* _EXERCISE DATA_:
>>>

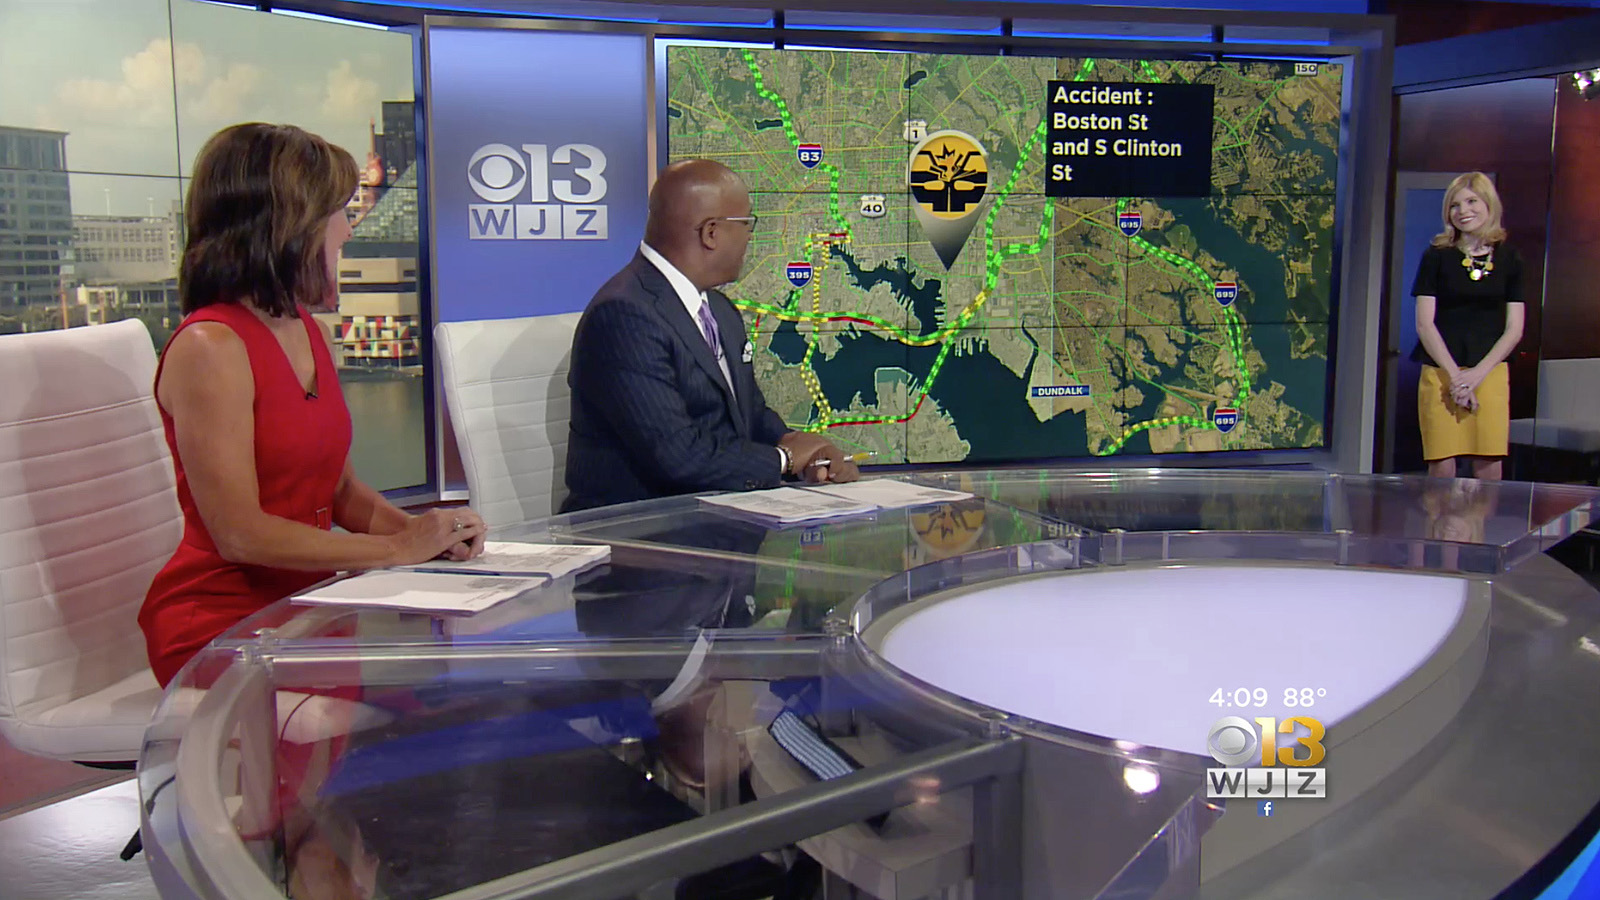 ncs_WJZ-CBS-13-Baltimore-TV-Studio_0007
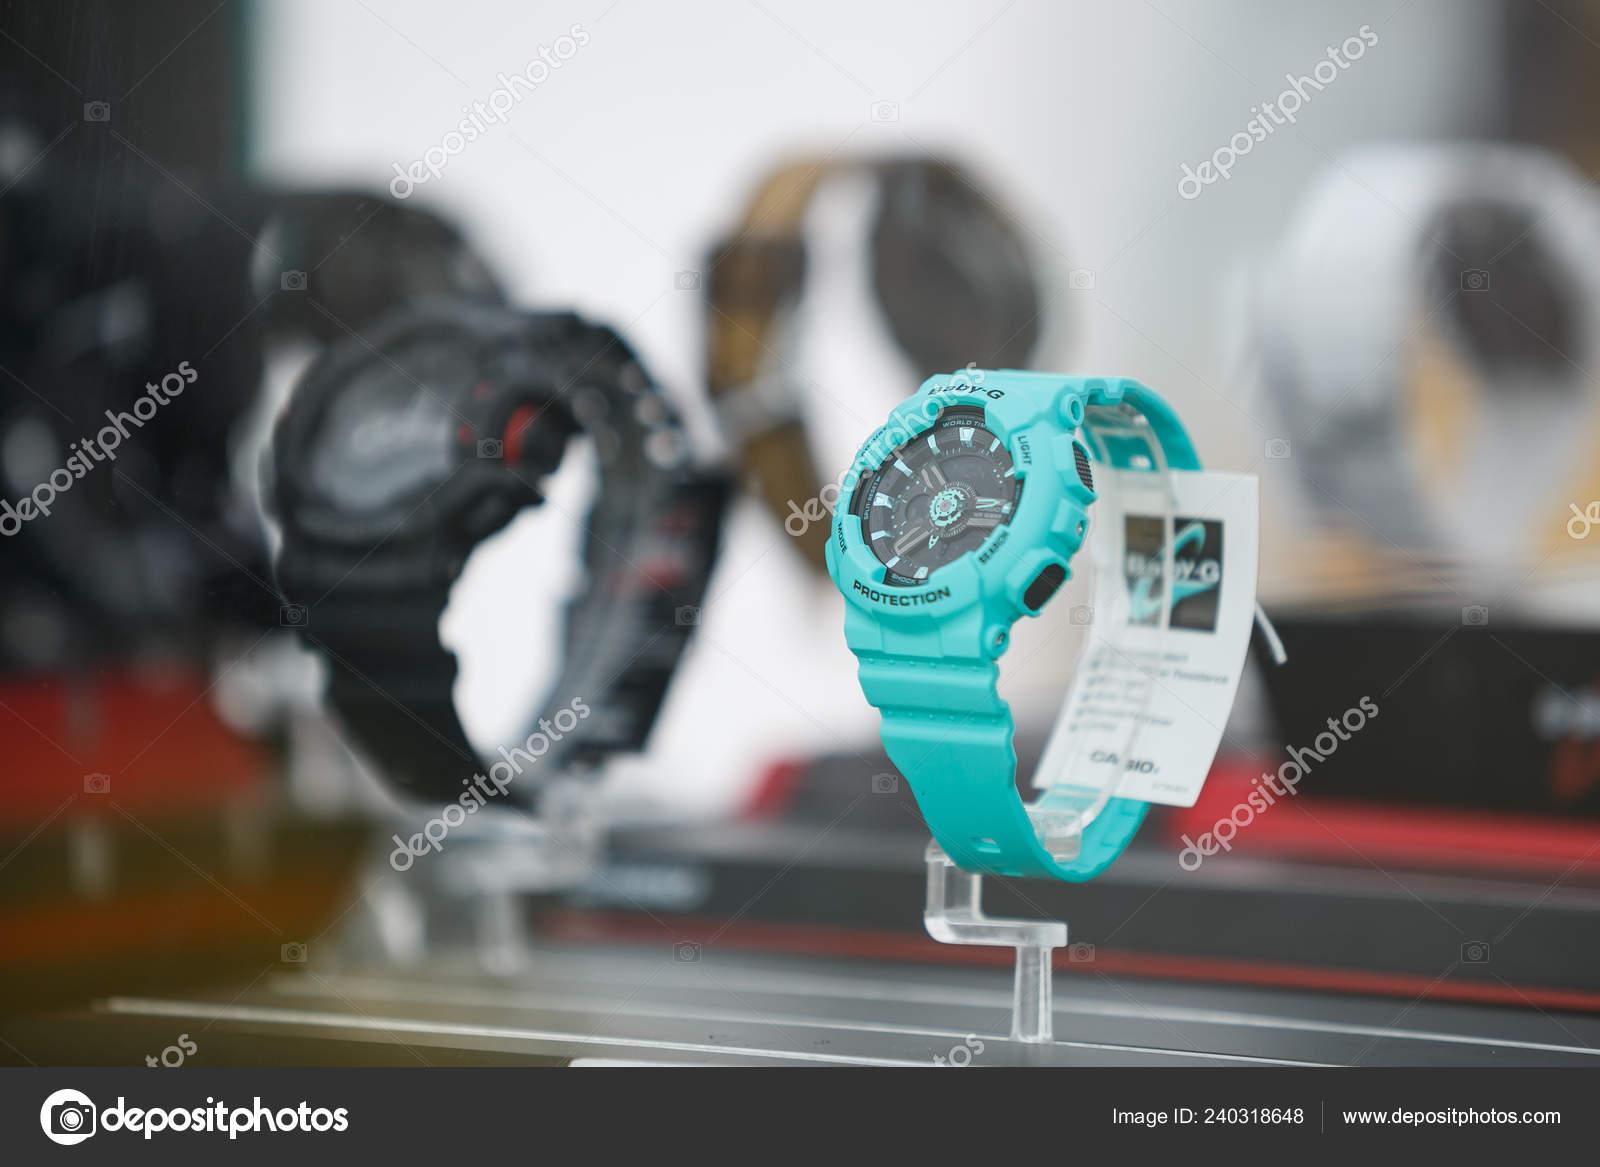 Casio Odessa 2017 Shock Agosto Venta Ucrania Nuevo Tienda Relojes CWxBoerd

<<<
>>>

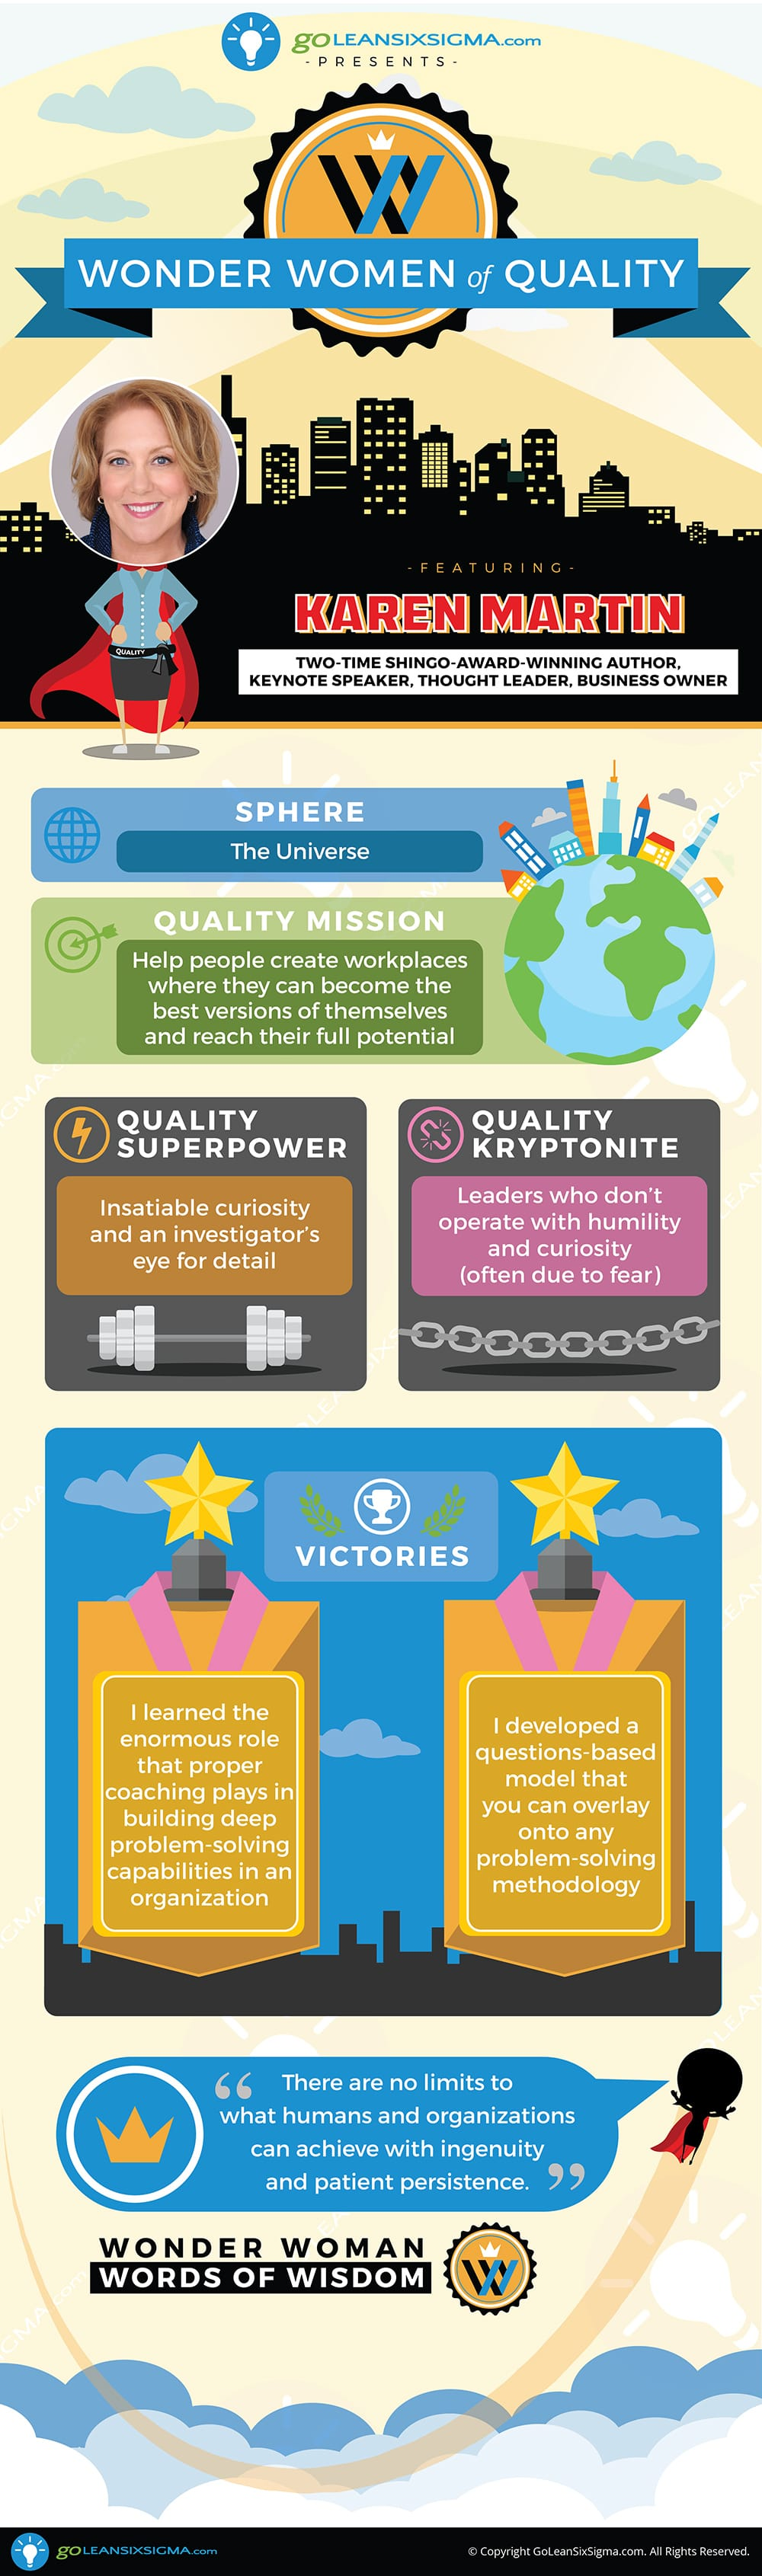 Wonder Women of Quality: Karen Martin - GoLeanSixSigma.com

<<<

* _TRY IT_: Set down again, word for word, every line from the one with "ncs_WJZ-CBS-13-Baltimore-TV-Studio_0007" to the one with "Casio Odessa 2017" in the entries above, and omit the pictures.

* _RESPONSE BOX_:
 ncs_WJZ-CBS-13-Baltimore-TV-Studio_0007
 Casio Odessa 2017 Shock Agosto Venta Ucrania Nuevo Tienda Relojes CWxBoerd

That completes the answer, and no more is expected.